TASK> Only the pictures are to be left out; return the rest of the data exactly as it stands.

### MATERIAL PROVIDED ###

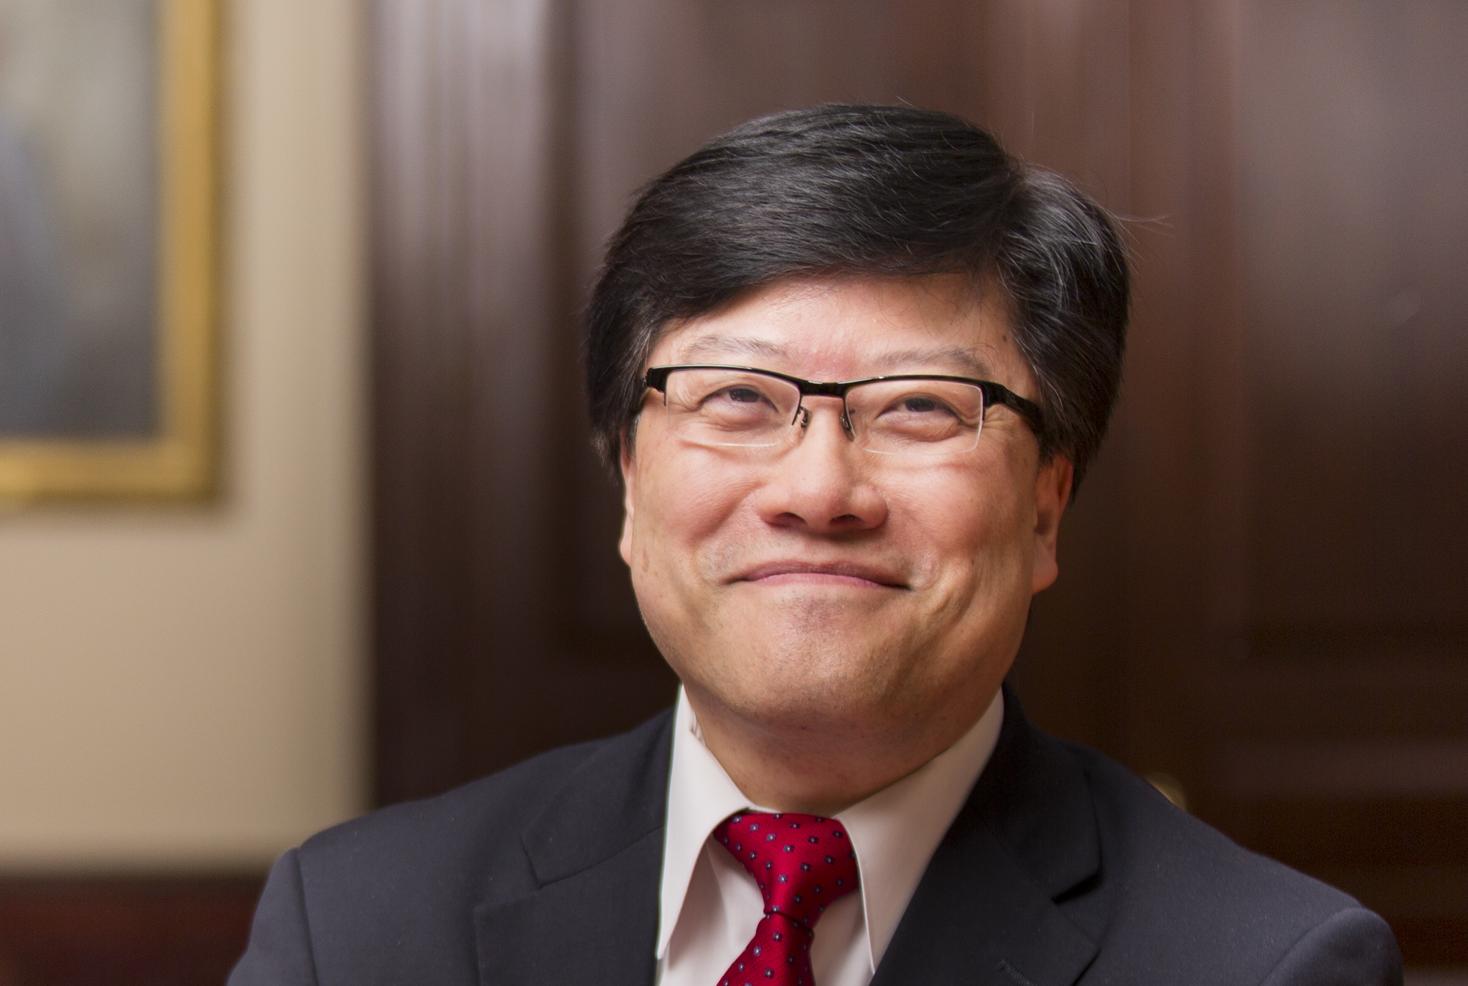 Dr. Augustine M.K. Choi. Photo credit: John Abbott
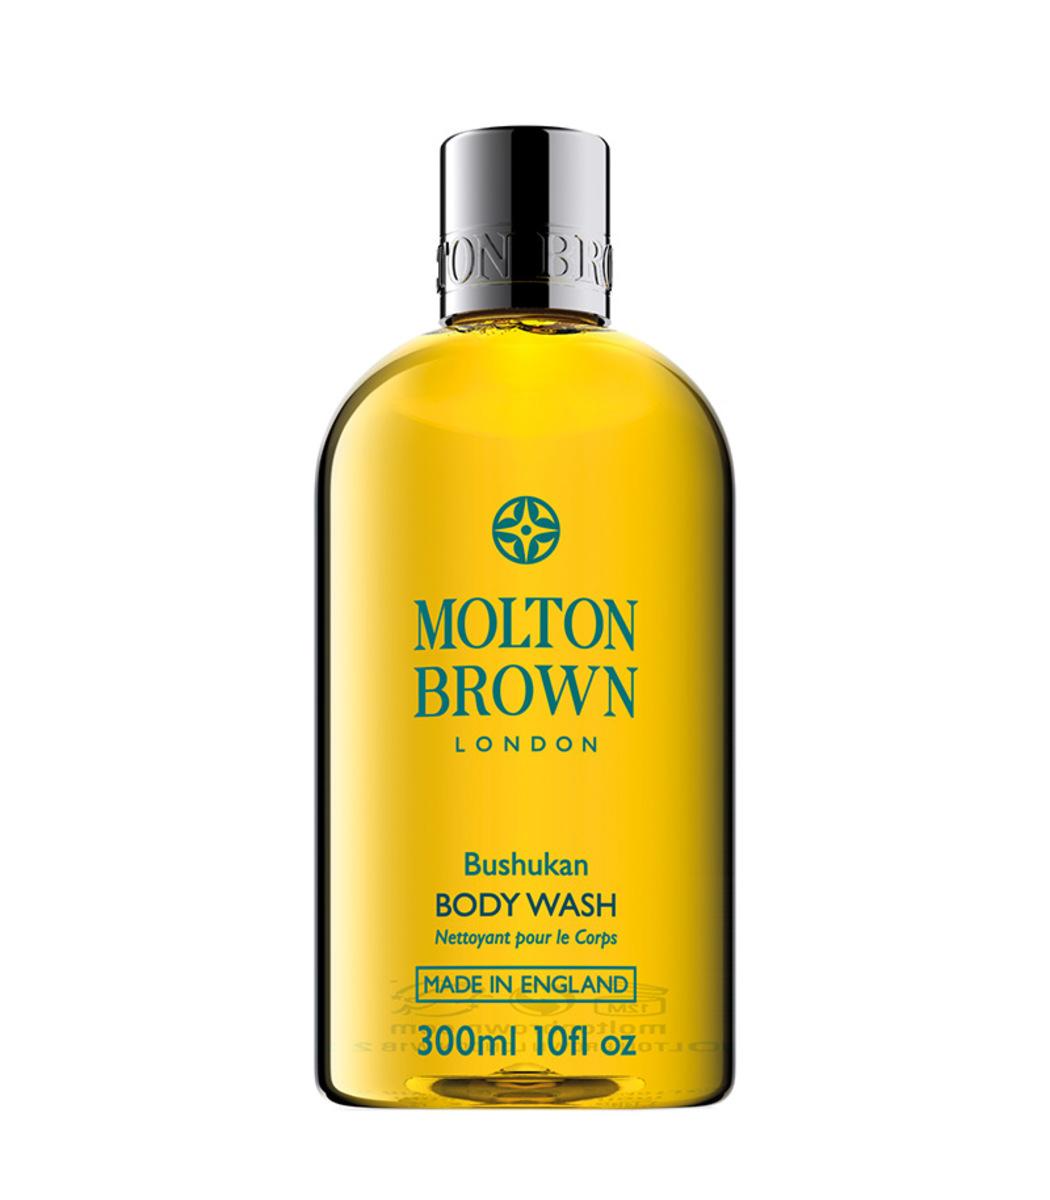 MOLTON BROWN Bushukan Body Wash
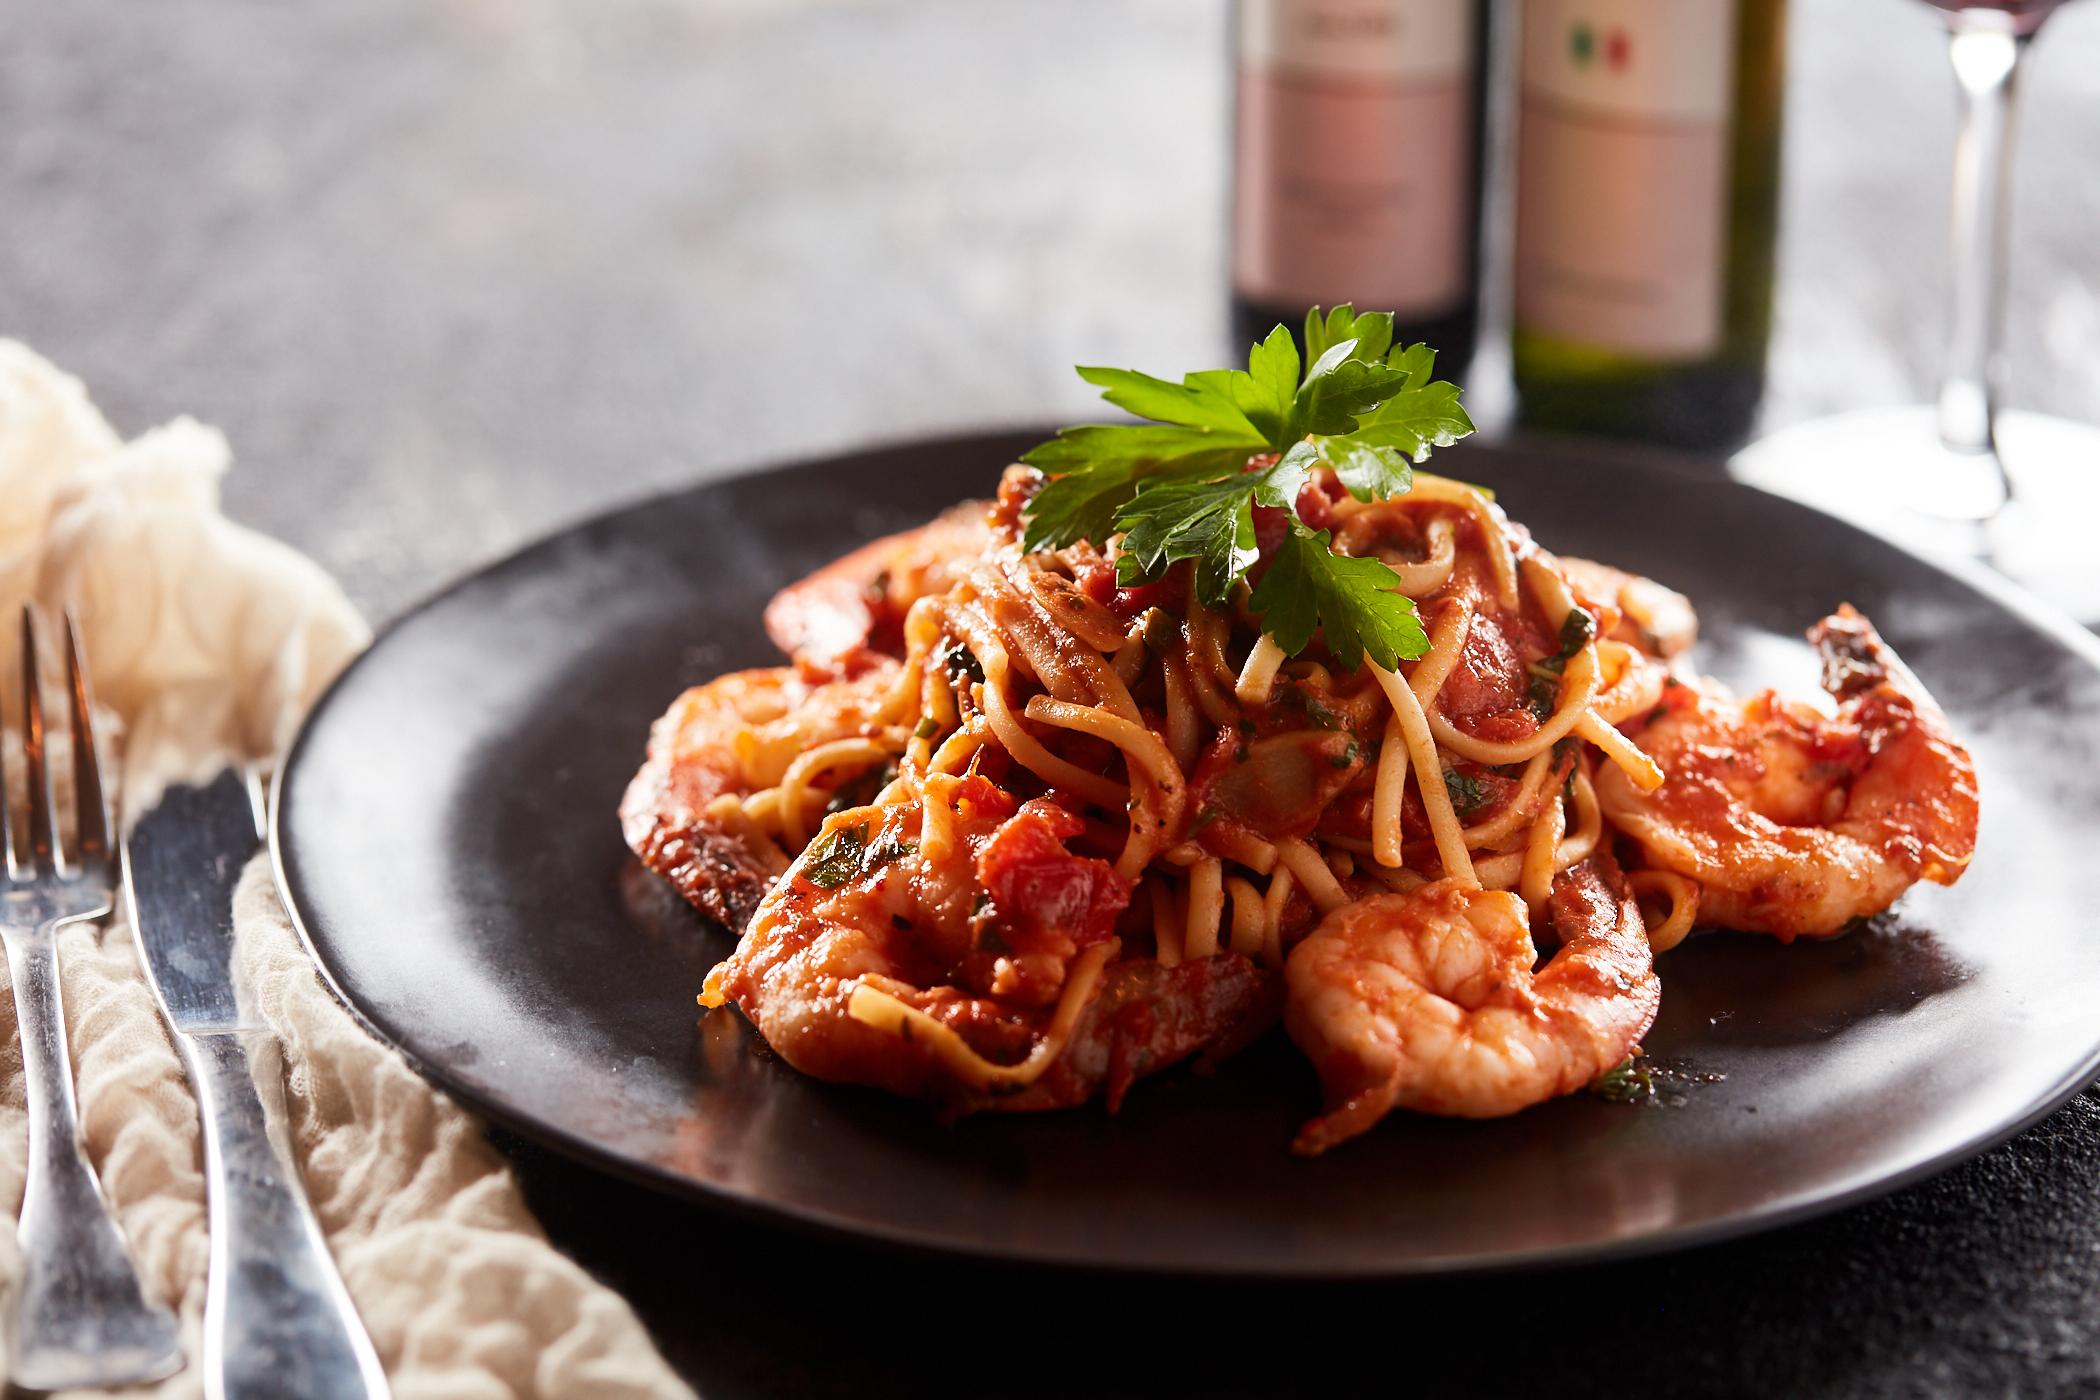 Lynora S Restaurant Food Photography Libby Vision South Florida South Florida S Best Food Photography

###

WRITTEN RESPONSE>
 Dr. Augustine M.K. Choi. Photo credit: John Abbott
 MOLTON BROWN Bushukan Body Wash
 Lynora S Restaurant Food Photography Libby Vision South Florida South Florida S Best Food Photography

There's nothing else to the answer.